Taxpayer claimed that it has no access or control on the server support system provided by Rackspace and payment for such services do not constitute fee for technical services (FTS). Thus, taxpayer was not liable to withhold income-tax on such payments under 'source rule'. Such payments constitute business income of Rackspace and are not taxable in India in absence of a permanent establishment (PE) in India.

Tax Officer rejected taxpayer's claim and held that as per United Nations Tax model and India-USA DTAA, payments made for hosting of website and use of servers would be taxable as 'royalty' as it amounts to use of industrial, commercial and scientific equipment. Tax Officer also observed that Rackspace has given an exclusive right to use the server along with dedicated support service. However, the first appellate authority ruled in the favour of taxpayer and observed that Rackspace is providing hosting services and has not been given any equipment on hire to the taxpayer.

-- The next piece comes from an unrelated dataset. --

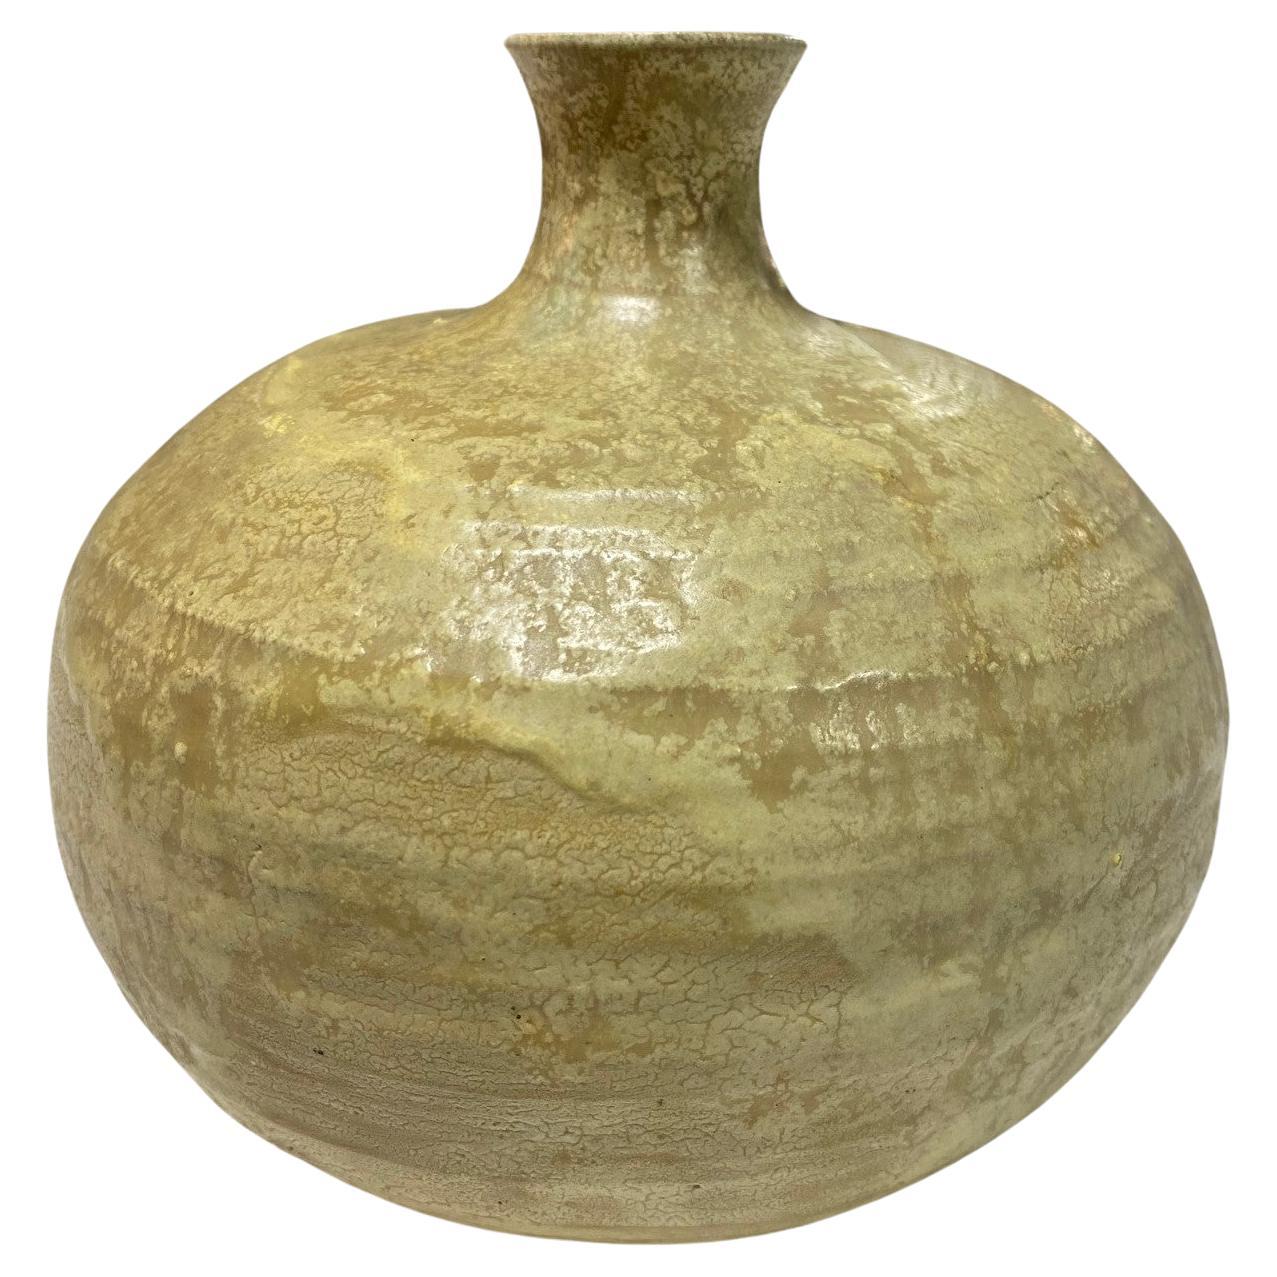 Beatrice Wood Signed Volcanic Lava Glaze Mid-Century Modern Studio Vase Vessel For Sale

Tax Tribunal observed that all the equipments and machines relating to services were under the control of Rackspace and situated outside India. Tax Tribunal also noted that the taxpayer could not operate or have physical access to the equipment system. Tribunal noted that taxpayer could not be said to be using the equipments but was only availing the services provided by Rackspace. Relying upon the decision of Asia satellite Telecommunication Co. Ltd vs Director of Income-tax [(2011) 332 ITR 340 (Delhi)], Tribunal upheld the order passed by the first appellate authority and held that payments made for availing Rackspace's services cannot be held to be 'royalty' as taxpayer neither operates, uses nor controls the equipments used for server support system.

ITA no. 2179-2182/Mum/2009. Judgment delivered on February 29, 2012

Originally published May 4, 2012

The content of this article is intended to provide a general guide to the subject matter. Specialist advice should be sought about your specific circumstances.